Ex-FIFA and UEFA bosses Sepp Blatter and Michel Platini NOT GUILTY of corruption

Sepp Blatter and Michel Platini have been found not guilty of fraud at Switzerland’s Federal Court following a two-week trial centred on a £1.6m payment made to the latter in 2011.

The former heads of FIFA and UEFA learnt of their fate via a verdict announced on Friday morning by the three judges who presided over last month’s trial. Despite being cleared, Blatter, 86, remains banned from football until 2028 for a different punishment in 2021. Platini, 67, has served his ban.

The Swiss Office of the Attorney General (OAG) had accused Blatter and Platini of "fraud, in the alternative of misappropriation, in the further alternative of criminal mismanagement as well as of forgery of a document."
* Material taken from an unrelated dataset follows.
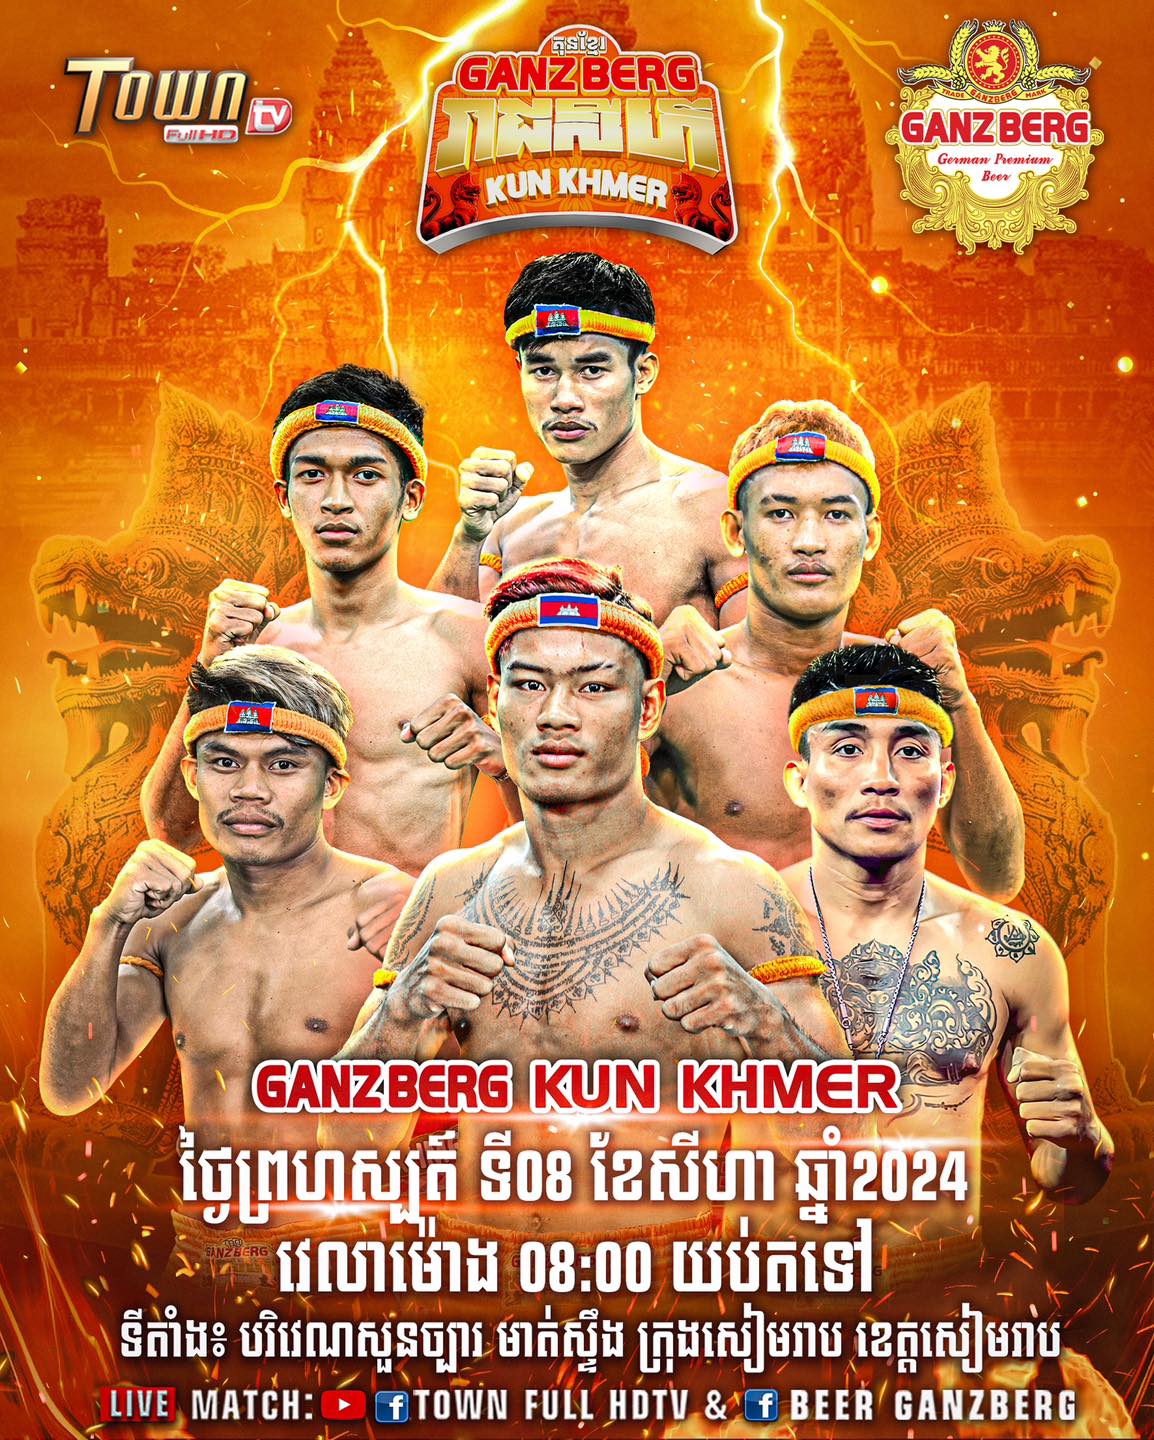 Kun Khmer is coming to Siem Reap!

Both men had denied the charges and after the verdict Platini said he would go after the "culprits" who sought to end his time as one of the game's prime administrators. It was widely believed that he had been lined up to succeed Blatter as FIFA president. "Let them count on me, we will meet again," Platini said this morning. "Because I will not give up and I will go all the way in my quest for truth."
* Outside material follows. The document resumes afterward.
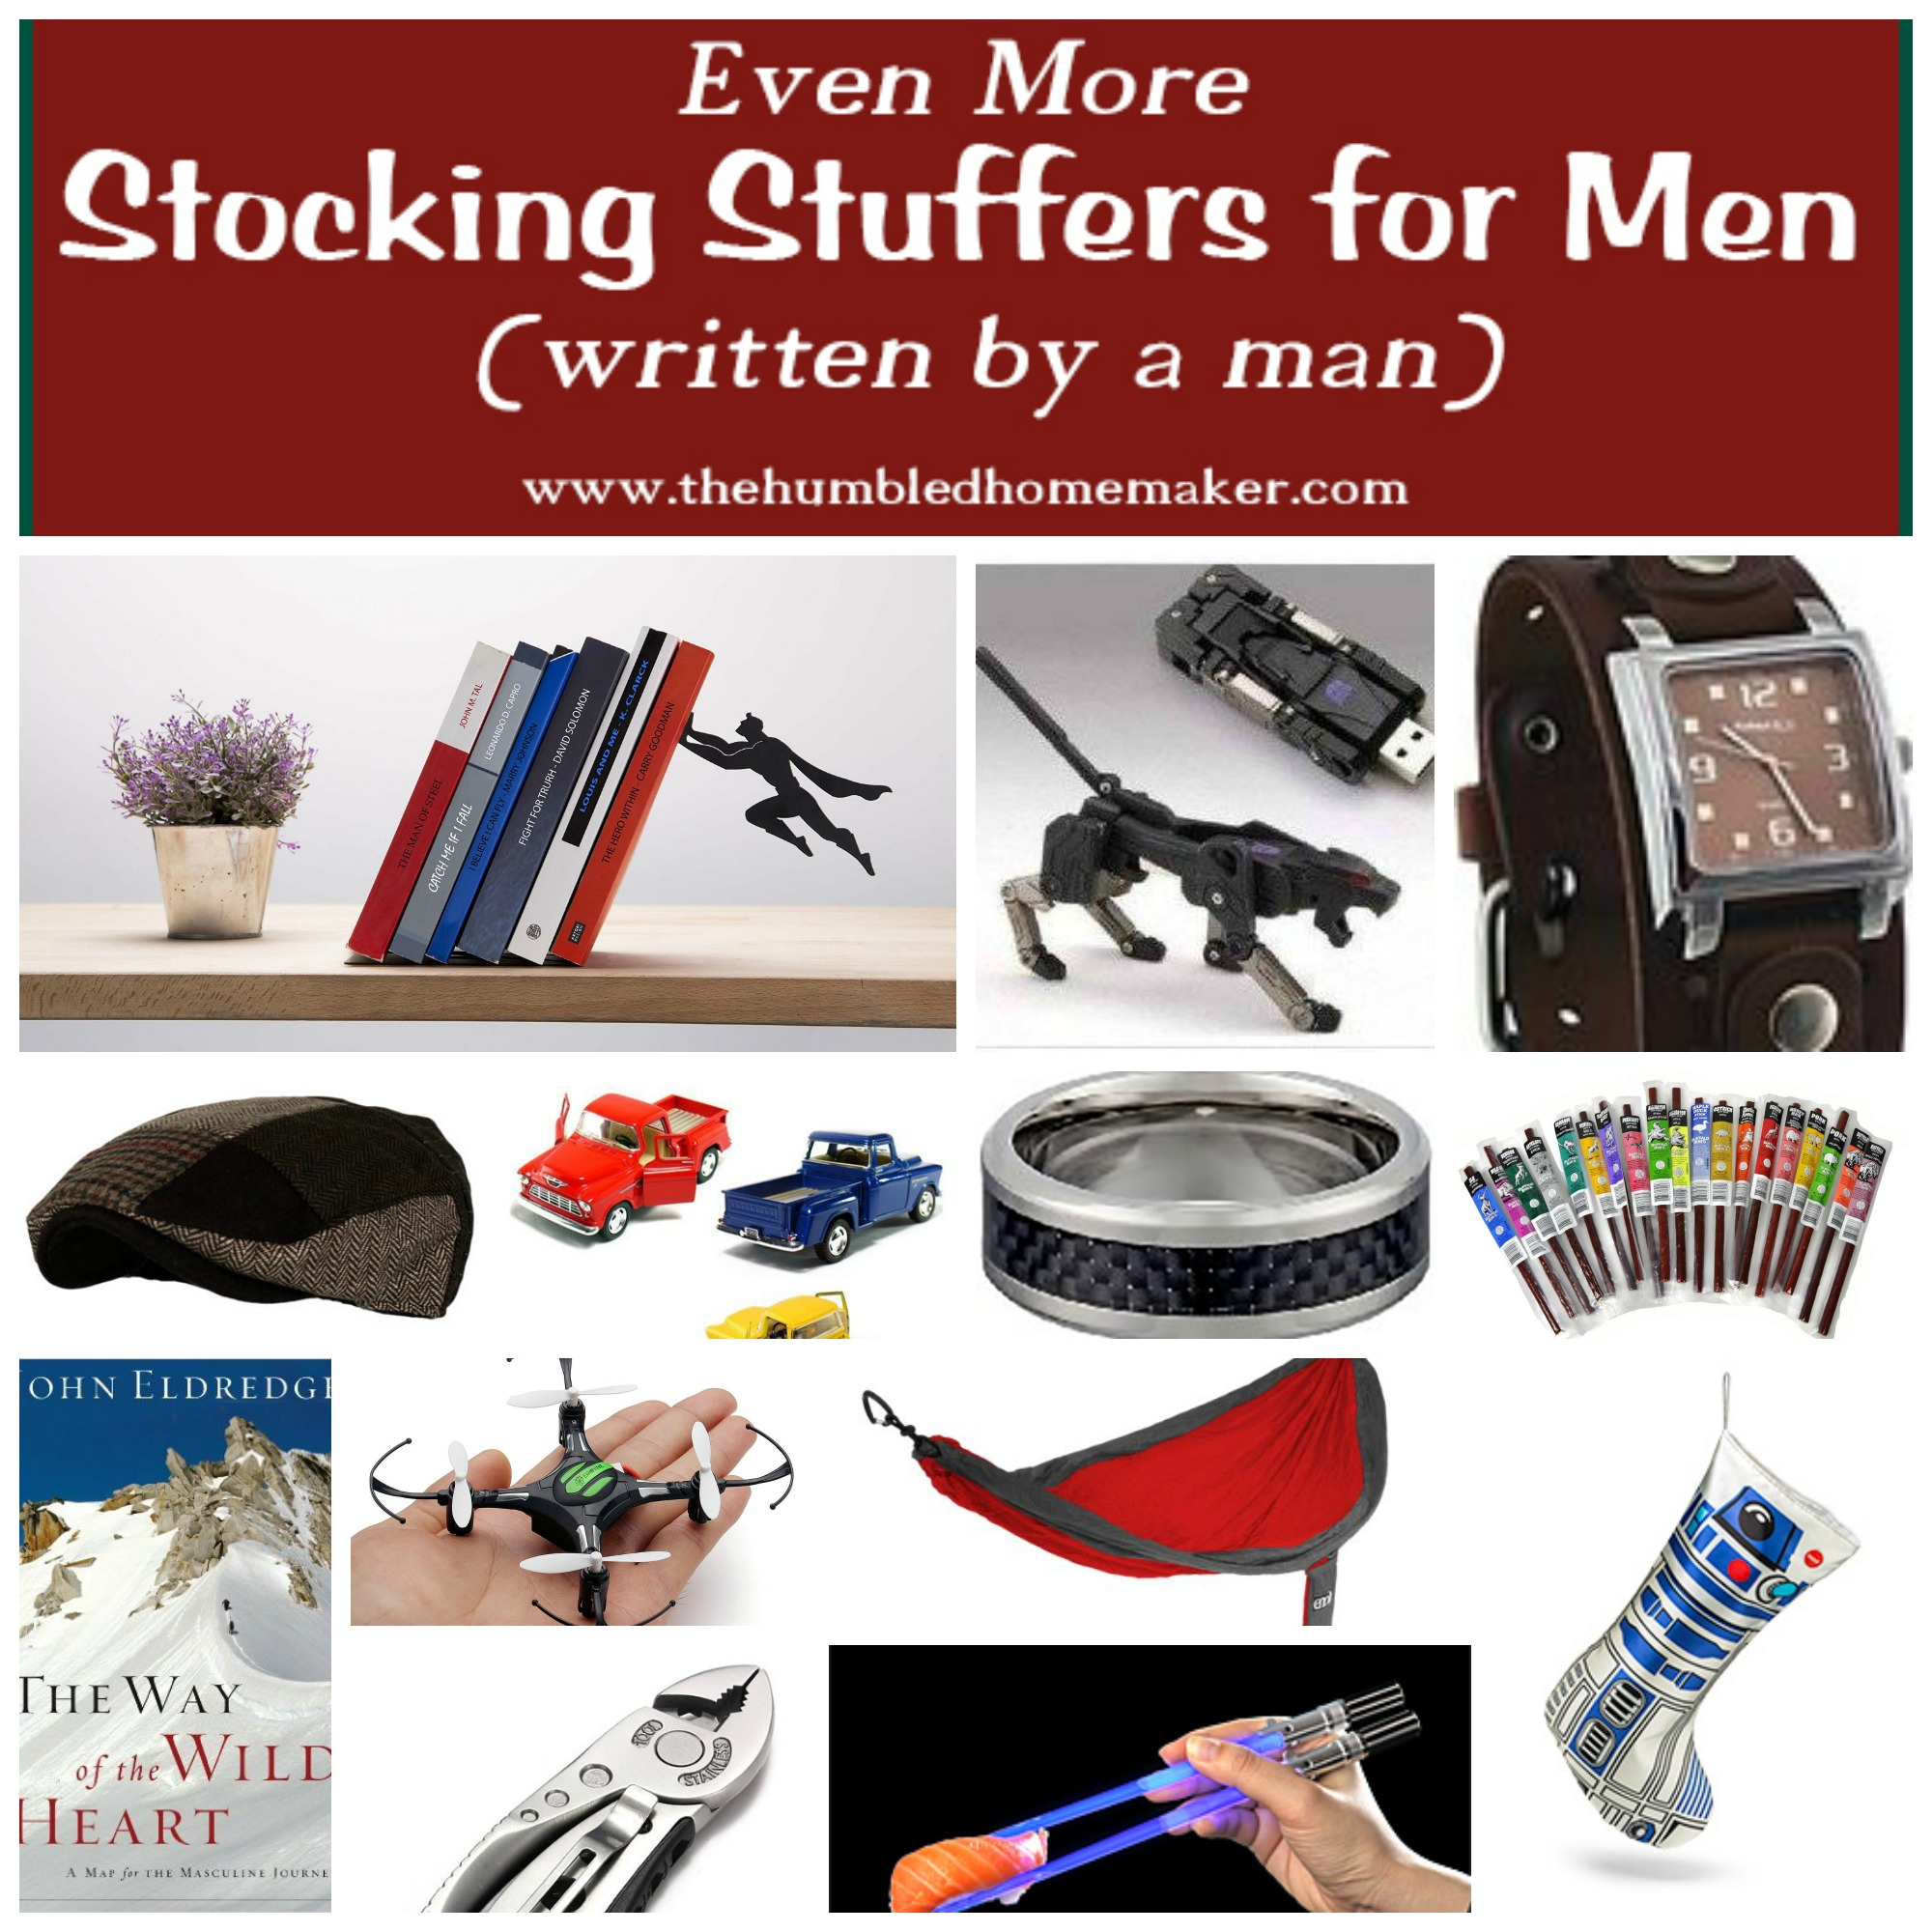 10 Best Stocking Stuffer Ideas For Guys even more stocking stuffers for men writtena man 2 2022

He added: "I want to express my happiness for all my loved ones that justice has finally been done after seven years of lies and manipulation. My fight is a fight against injustice. I won a first game."

Upon arriving at the court, Blatter told journalists: "I am not innocent in my life but in this case I am innocent." After the verdict he said: "I'm not speaking about FIFA, I'm not speaking about corruption, I'm speaking about me. I have done nothing wrong. I am clean with my conscious, I am clean in my spirit."

During the trial Blatter described a £1.6m cash transfer made to Platini as a “gentleman’s agreement” for the work the former France midfielder had carried out as an advisor to the FIFA president between 1998 and 2002.

Platini asked to be paid one million francs (£816,000) per year but Blatter said that the global governing body could not afford that salary. Instead the three-times Ballon d’Or winner signed a contract for 300,000 francs a year and, according to Blatter, they had a verbal agreement to pay the rest of the money at a later date. His advisory role ended in 2002.

There was no mention of an additional payment in the signed contract.

"I knew when we started with Michel Platini that [300,000] is not the total, and we would look at it later," Blatter said when giving evidence, adding that they shook hands on a later payment. "It was an agreement between two sportsmen. I found nothing wrong with that."

Platini had told the court: "I trusted the president, and knew he would pay me one day.”

The 67-year-old said that he believed the investigation into the payment arose because FIFA were determined to ensure he could not replace Blatter.

"What FIFA did to me was scandalous,” he told the judges. “And the goal was that I didn't become president of FIFA."